= Confessor =

Title used within Christianity

In a number of Christian traditions, including Eastern Orthodoxy, Catholicism, Lutheranism and Anglicanism, a confessor is a priest who hears the confessions of penitents and pronounces absolution.

== History ==

During the Diocletianic Persecution, a number of Christians had, under torture or threat thereof, weakened in their profession of the faith. When persecutions ceased under Constantine the Great, they wanted to be reunited with the church. It became the practice of the penitents to go to the Confessors, who had willingly suffered for the faith and survived, to plead their case and effect their restoration to communion.
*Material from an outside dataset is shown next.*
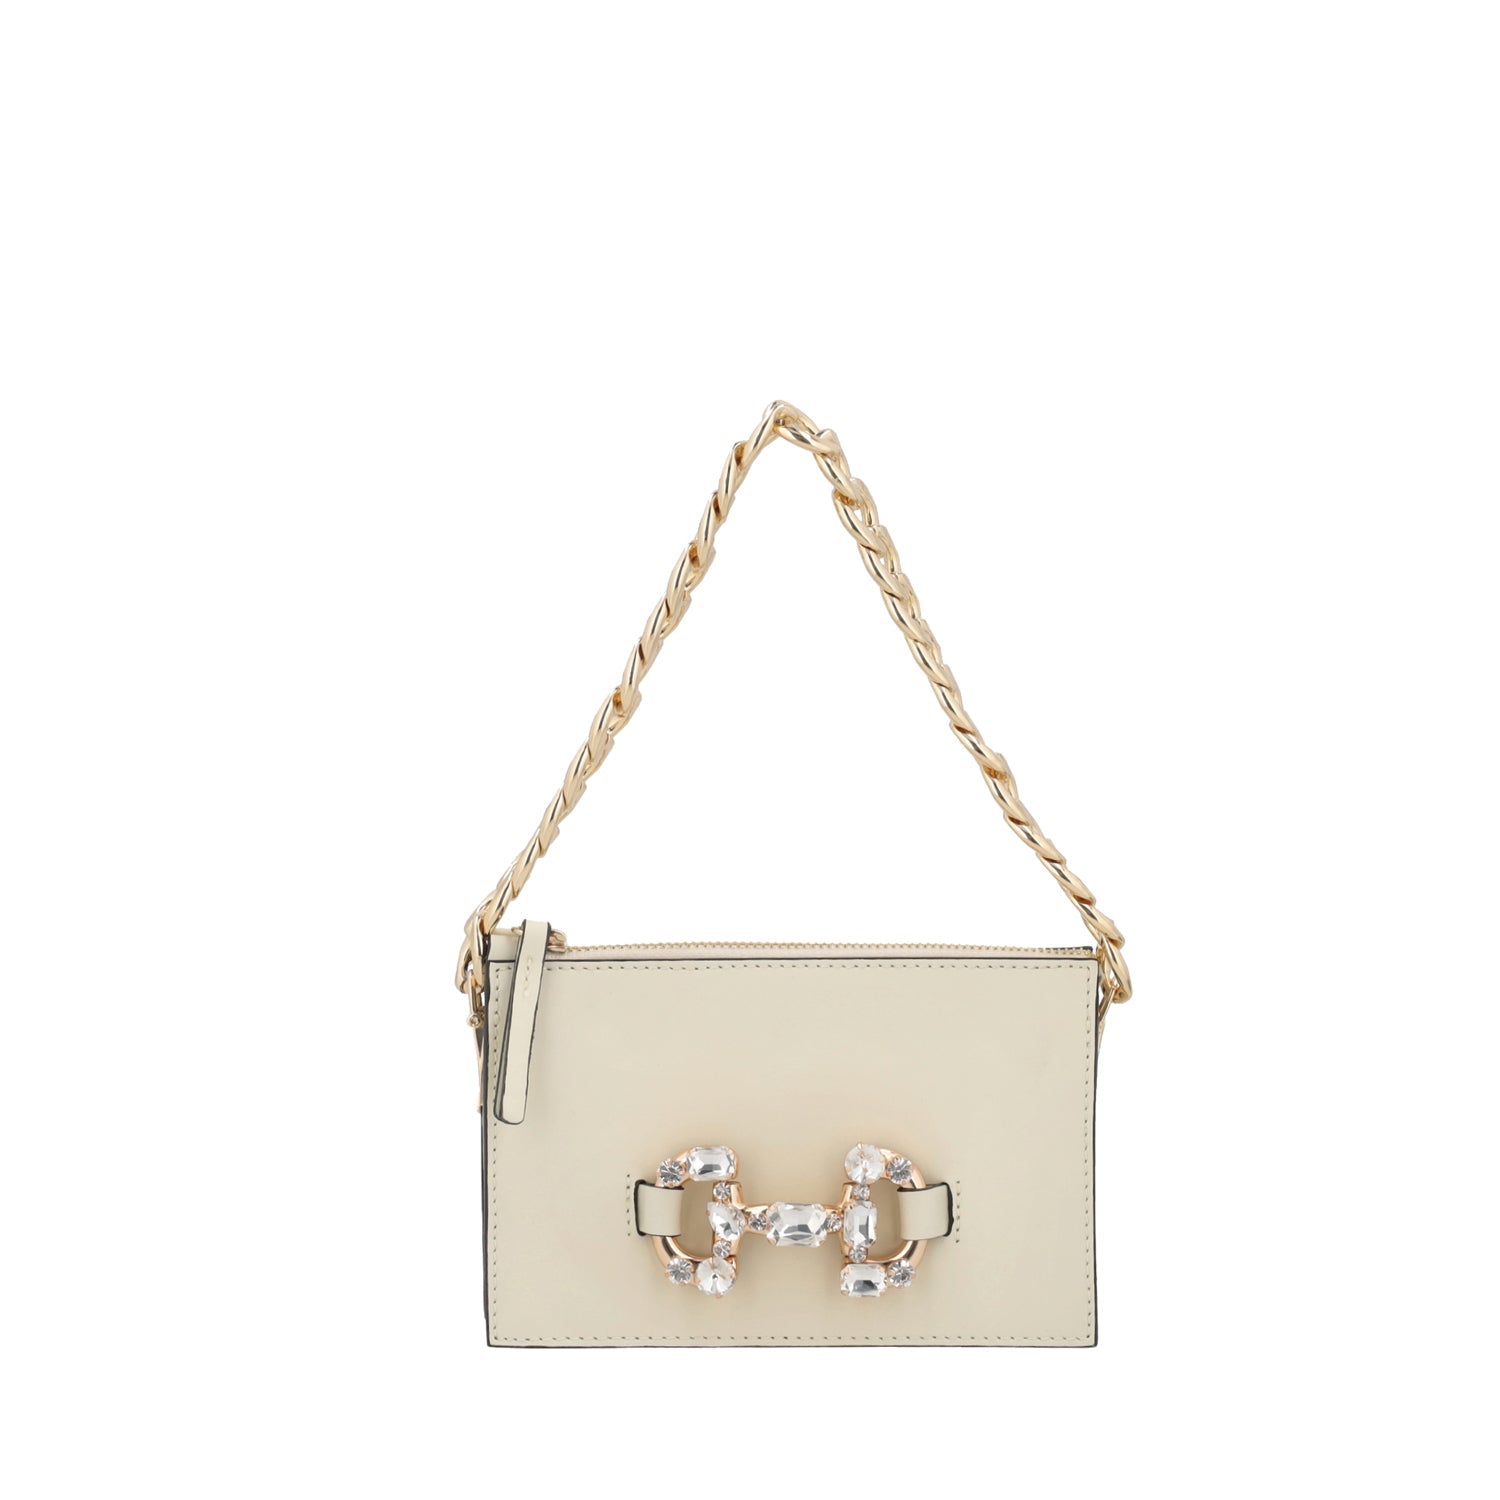 IVORY BOUQUET CROSSBODY BAG WITH JEWEL ACCESSORY

Over time, the word came to denote any priest who had been granted the authority to hear confessions. Historically, priests were sometimes tested by officers of the church called examiners, before being granted this authority.

== As spiritual advisor ==

An individual may have a regular confessor, sometimes called a "spiritual advisor" or "spiritual father", to whom they turn for confidential and disinterested advice, especially on spiritual matters. Historically, this has been a common practice for Christian monarchs.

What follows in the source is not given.